| ABOUT THIS TASK |
Only the lines below from the one with "A woman modelling" through the one with "atleet dealer gat" are to be written out, exactly and without any images.

| RECORDED INFORMATION |
--- START ---

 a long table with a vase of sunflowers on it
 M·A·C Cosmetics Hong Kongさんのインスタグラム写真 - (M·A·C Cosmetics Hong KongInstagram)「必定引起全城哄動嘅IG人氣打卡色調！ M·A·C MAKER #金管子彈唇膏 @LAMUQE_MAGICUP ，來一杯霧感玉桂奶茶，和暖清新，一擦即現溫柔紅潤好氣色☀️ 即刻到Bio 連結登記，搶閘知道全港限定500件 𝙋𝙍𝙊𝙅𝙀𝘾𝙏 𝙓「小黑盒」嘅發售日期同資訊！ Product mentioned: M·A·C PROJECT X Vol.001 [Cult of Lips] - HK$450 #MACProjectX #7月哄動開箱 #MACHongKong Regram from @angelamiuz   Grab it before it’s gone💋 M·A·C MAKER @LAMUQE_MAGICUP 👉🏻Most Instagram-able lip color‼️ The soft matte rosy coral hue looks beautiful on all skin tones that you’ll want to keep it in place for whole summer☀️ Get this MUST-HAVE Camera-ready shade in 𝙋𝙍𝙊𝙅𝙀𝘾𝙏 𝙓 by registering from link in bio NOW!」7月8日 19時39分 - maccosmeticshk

--- END ---
--- START ---

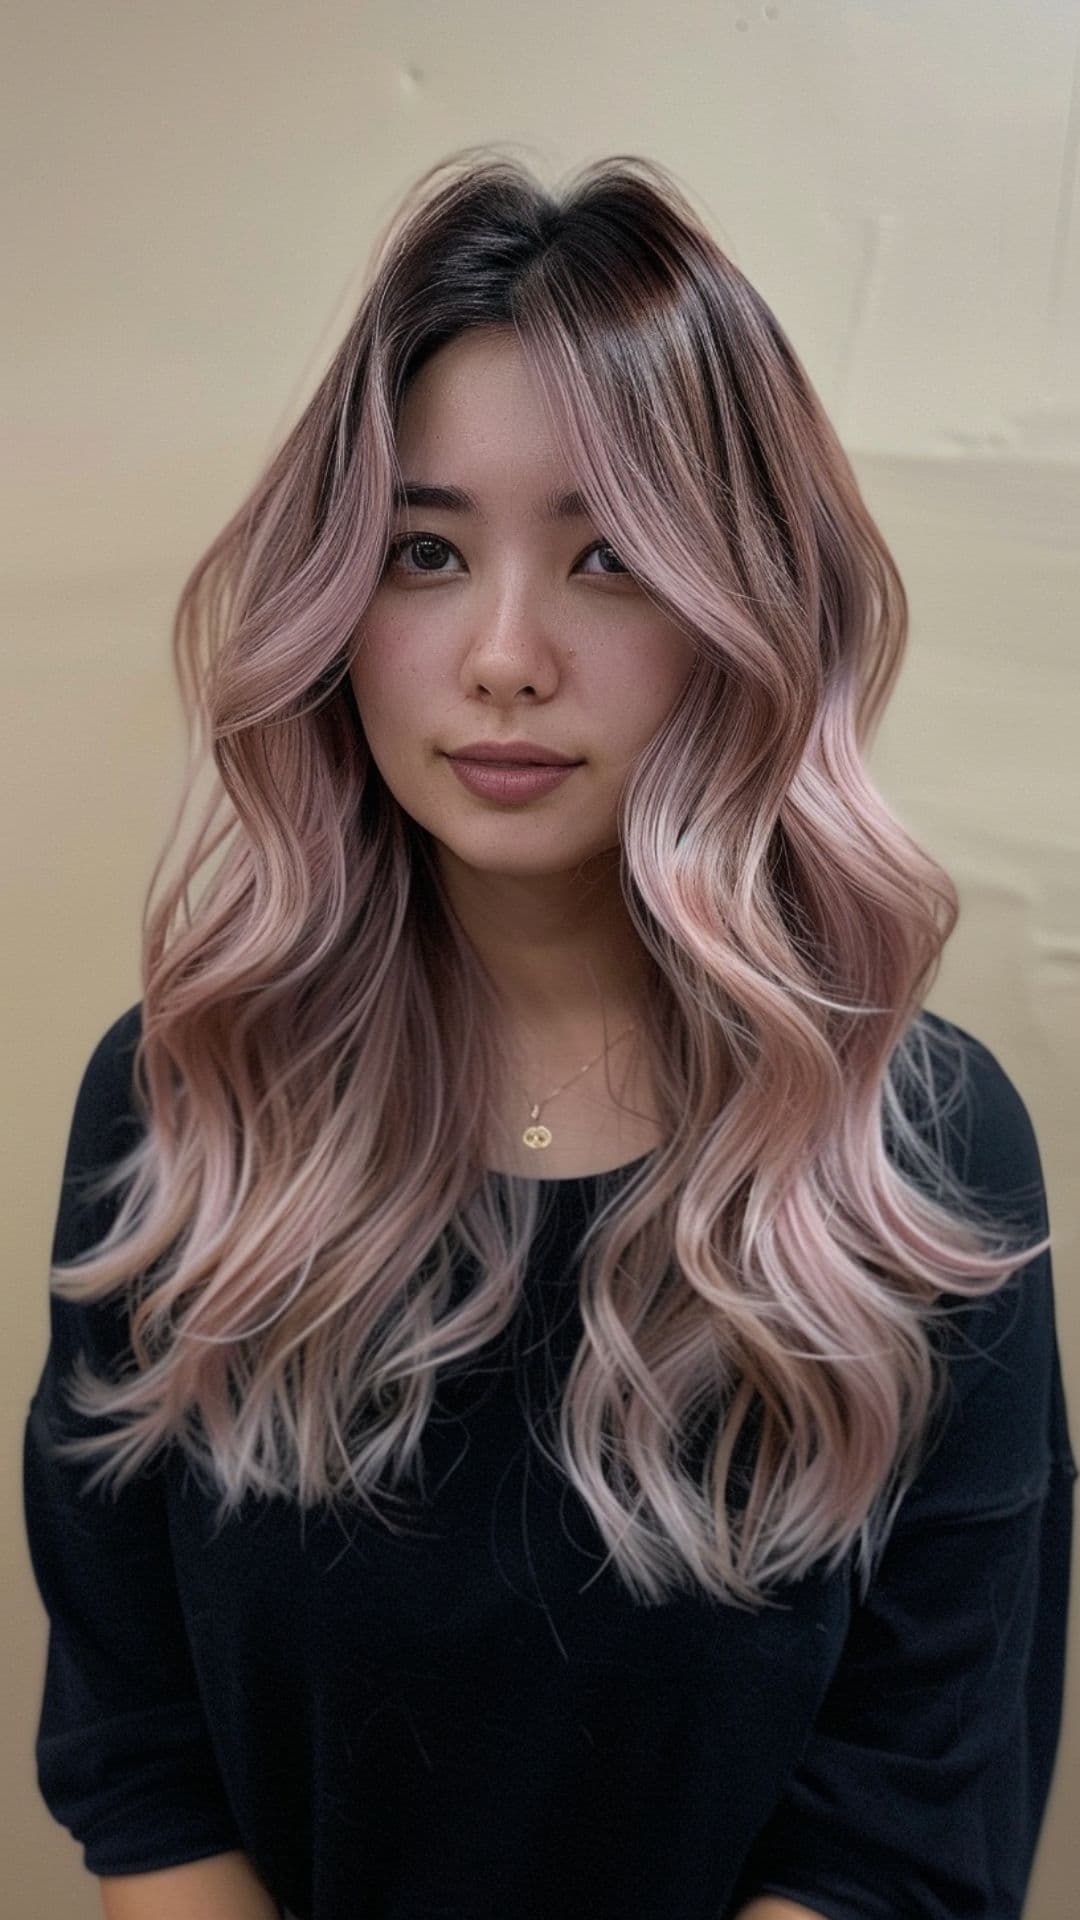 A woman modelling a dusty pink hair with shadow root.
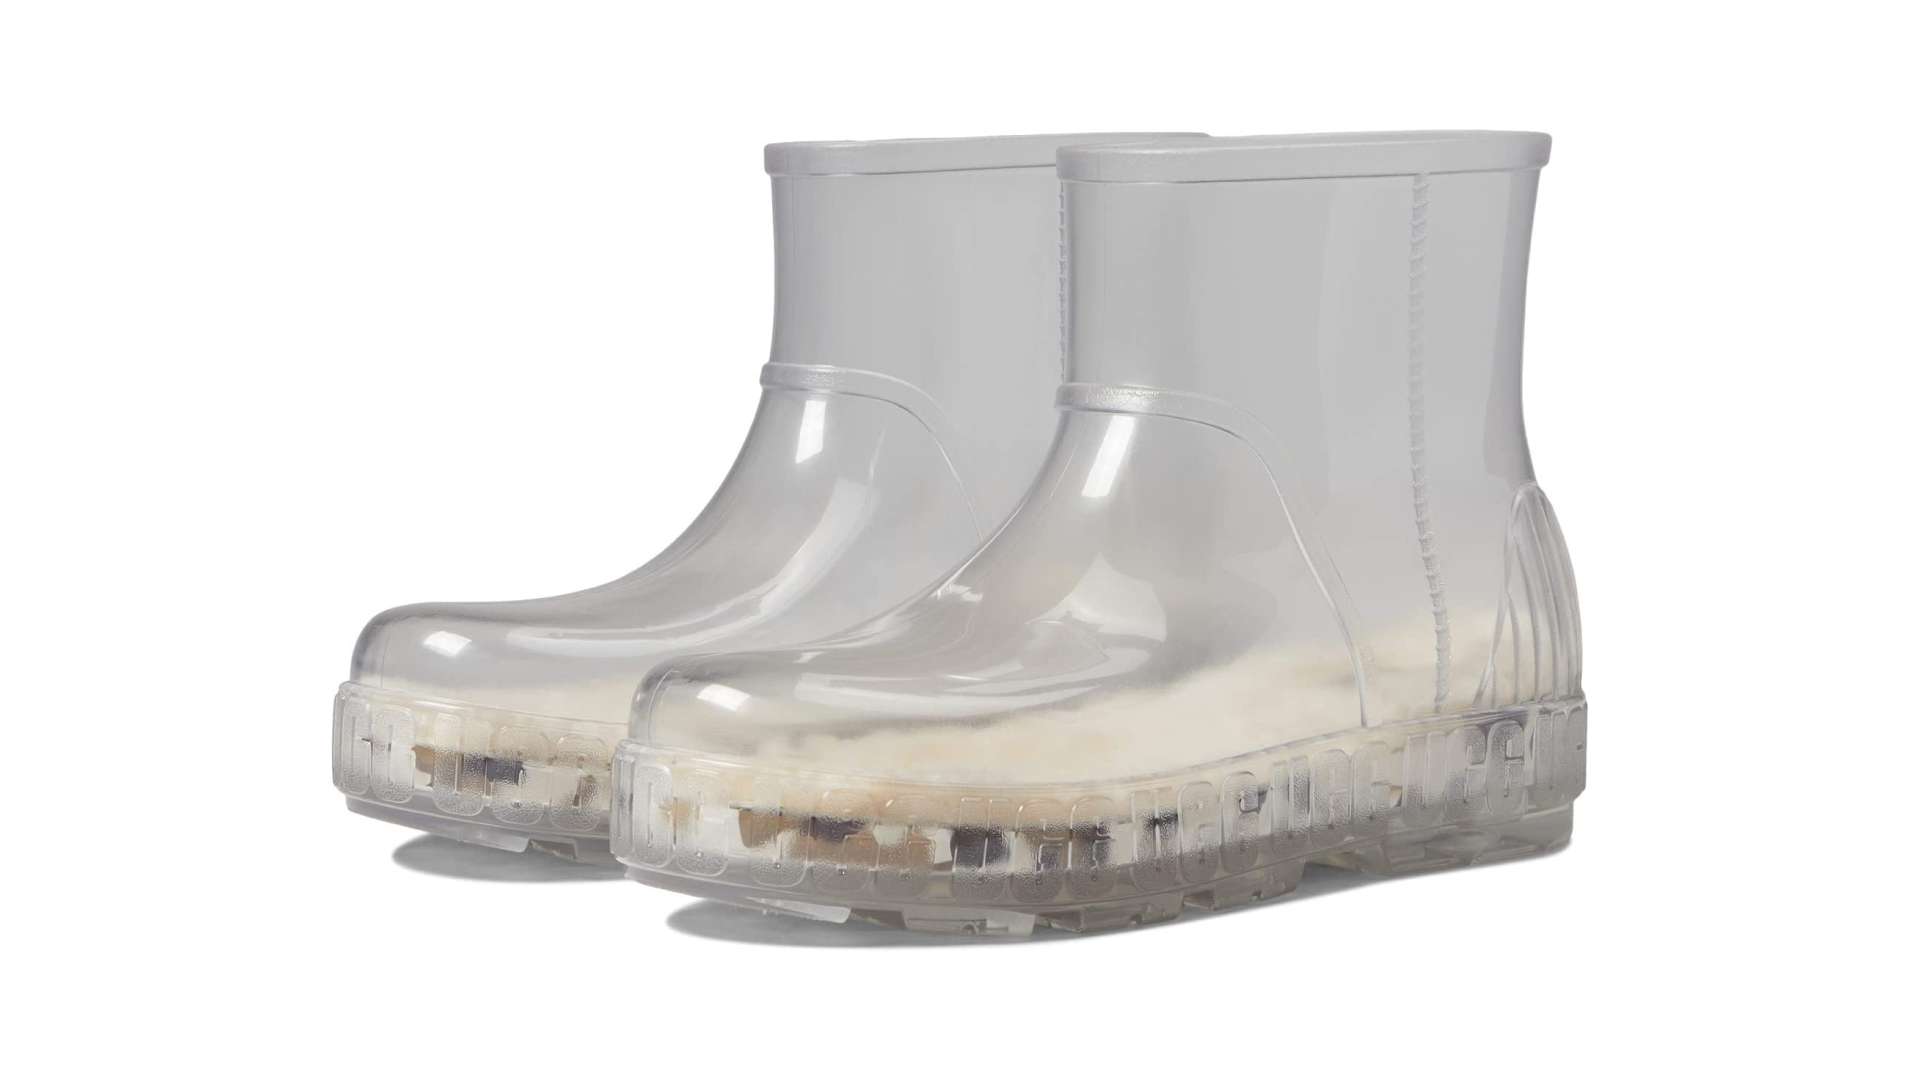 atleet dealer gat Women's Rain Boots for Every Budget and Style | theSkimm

--- END ---

| EXERCISE ANSWER |
 A woman modelling a dusty pink hair with shadow root.
 atleet dealer gat Women's Rain Boots for Every Budget and Style | theSkimm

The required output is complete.